The ten stories this collection comprises represent the latest output from an increasingly recognized Latino author. The most noteworthy piece by far is the first one, "please, thank you," written in lowercase because the narrator, suffering from the paralyzing effects of a stroke, cannot use the shift key. Writing while he was recovering from a stroke himself, Gilb here captures the frustration and helplessness of a patient capable of understanding but humiliated by his incapacitation. Except for "Uncle Rock" and "Willows Village," the remaining stories, which rely on the open if not ambiguous endings found in Gilb's earlier The Flowers, lack the vibrant originality of the opening story. Most of these stories fall into the category of narrative realism, drawing on the recognizable lives of working-class Latinos as well as the author's personal experience.
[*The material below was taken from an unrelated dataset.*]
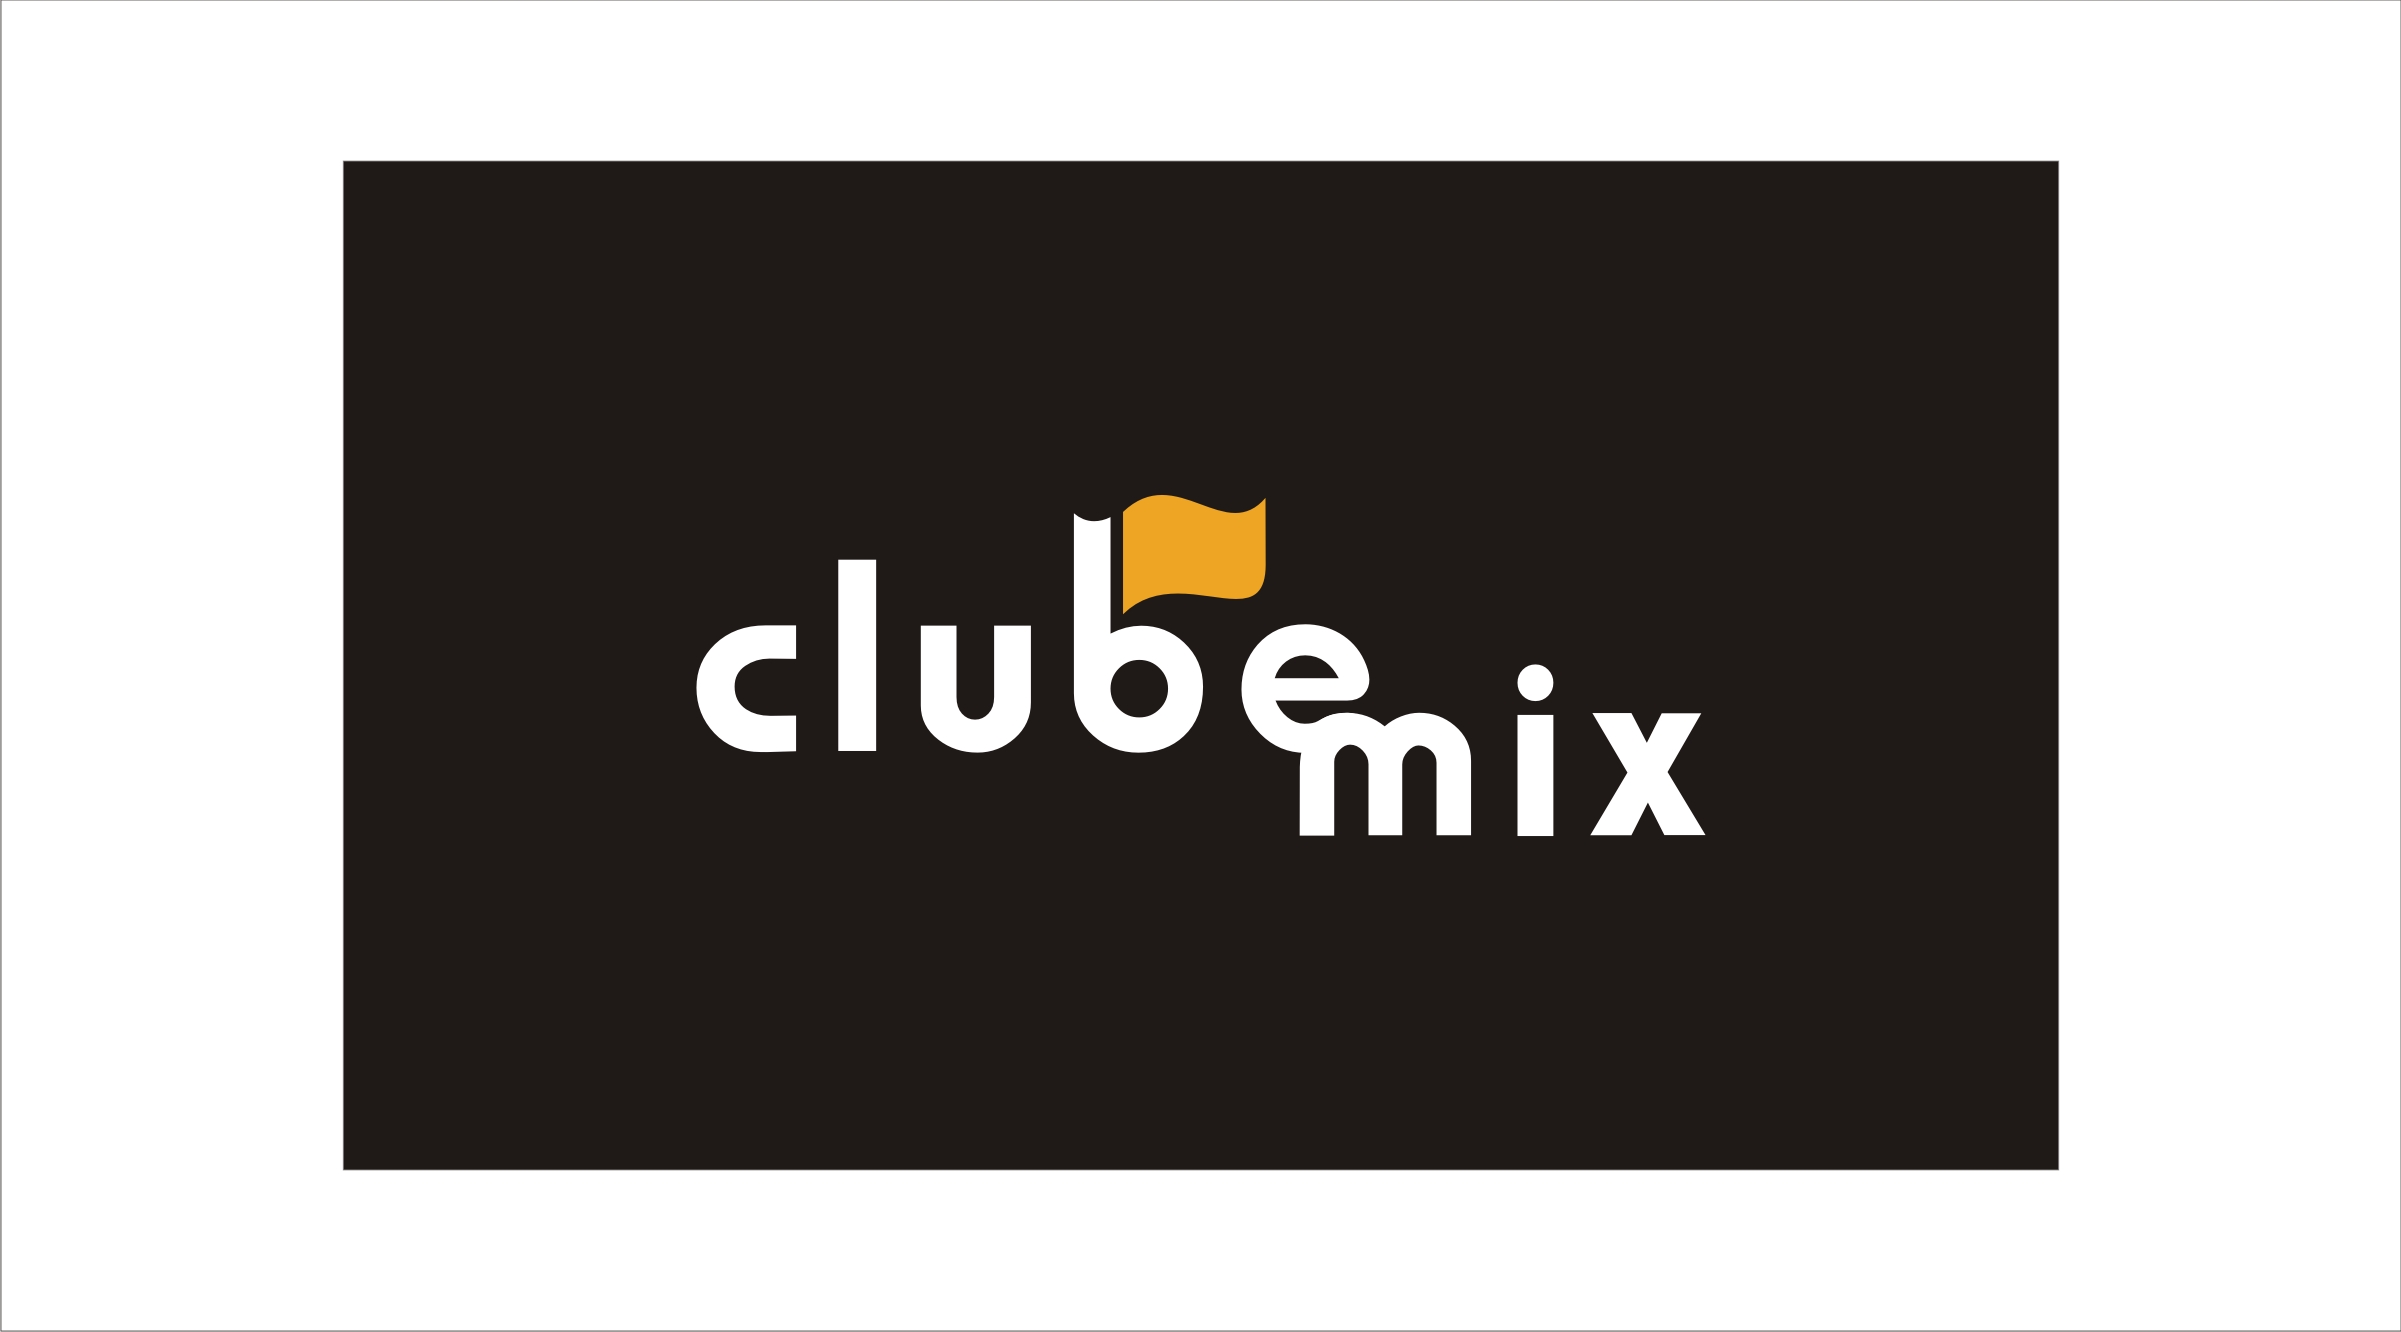 Clube Mix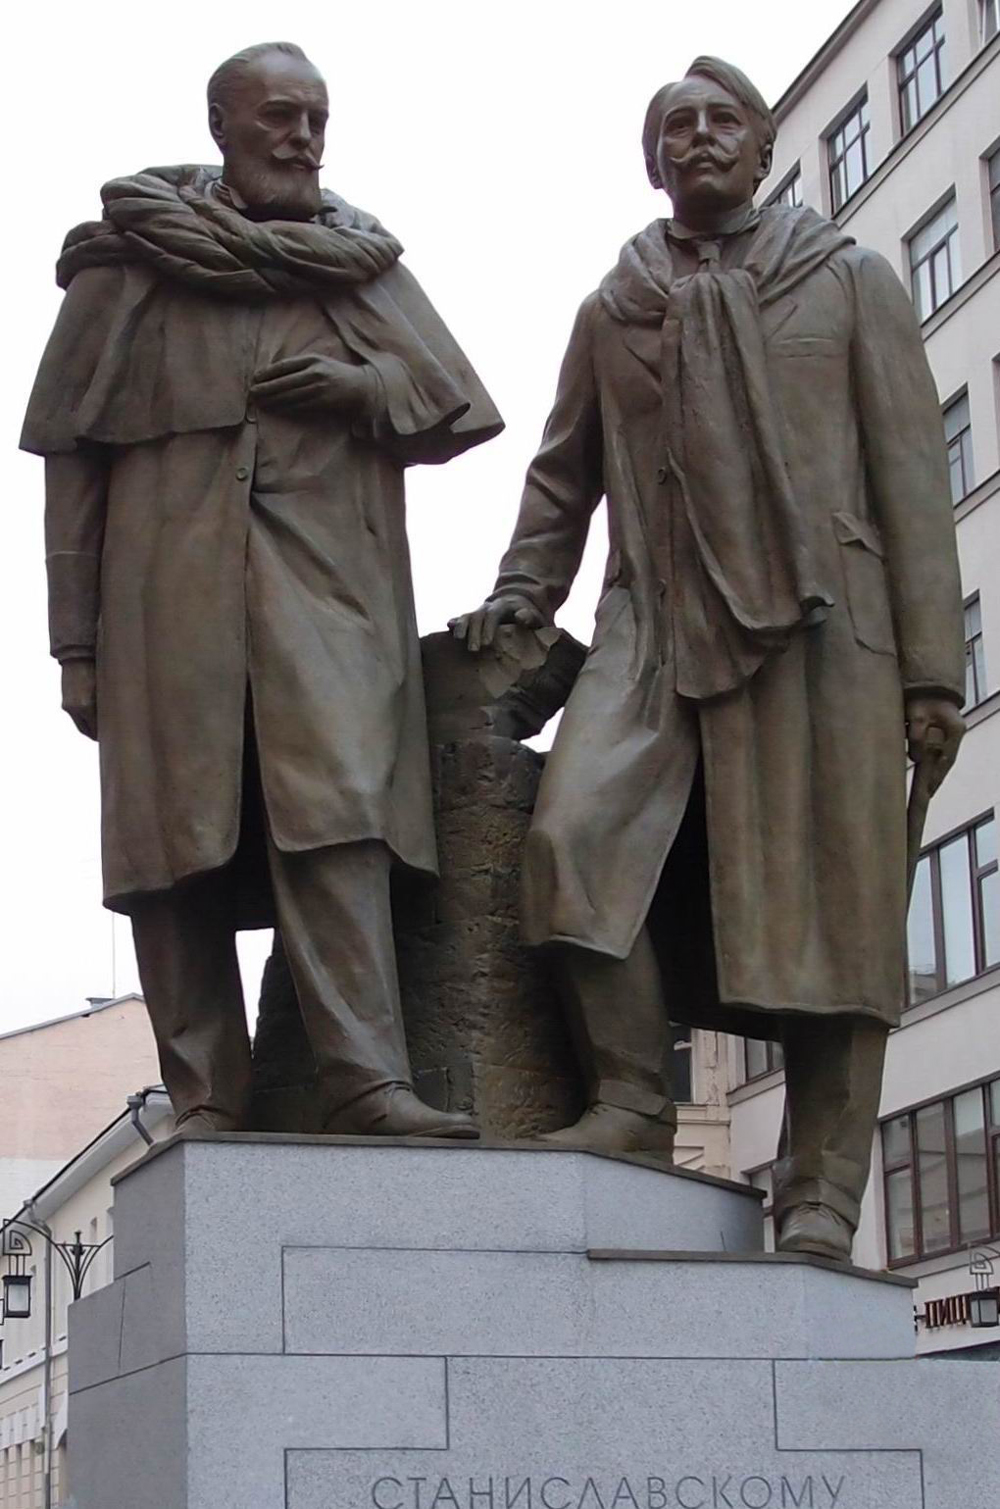 Памятник Станиславскому К.С. (1863–1938) и Немировичу-Данченко В.И. (1858–1943), автор А.Морозов, в Камергерском переулке, открыт 3.9.2014.

VERDICT A heterogeneous assortment of true-to-life experiences focusing on Latinos in the American Southwest, but with enough relevance and literary merit to be of interest to the general public elsewhere, as well as to academia. [See Prepub Alert, 5/9/11.]--Lawrence Olszewski, OCLC Lib., OH

Copyright 2011 Library Journal, LLC Used with permission.



Booklist

October 1, 2011
In PEN/Hemingway Awardwinning author Gilb's latest terrific offering, his short stories (some new, others previously published in such venues as the New Yorker and Harper's) are about, well, life. They are stories that resonate with all the workaday conflicts, and looking-for-work challenges, facing real people in today's world. There's the stroke victim in please, thank you who is working to regain his strength and independence. And the young Chicano in Willows Village, who is searching for a job so he can support his wife and child. In Cheap, a Mexican American musician deals with issues on both sides of the bigotry fence. To a person, they all face life as it is dealt to the commonly disenfranchised population of Mexicans and Mexican Americans in America's great Southwest. Times, they are not easy. But because Gilb's narration is lyrical, even magical; his dialogue so true; and his stories straight shooting, it is impossible for a reader to remain disengaged.(Reprinted with permission of Booklist, copyright 2011, American Library Association.)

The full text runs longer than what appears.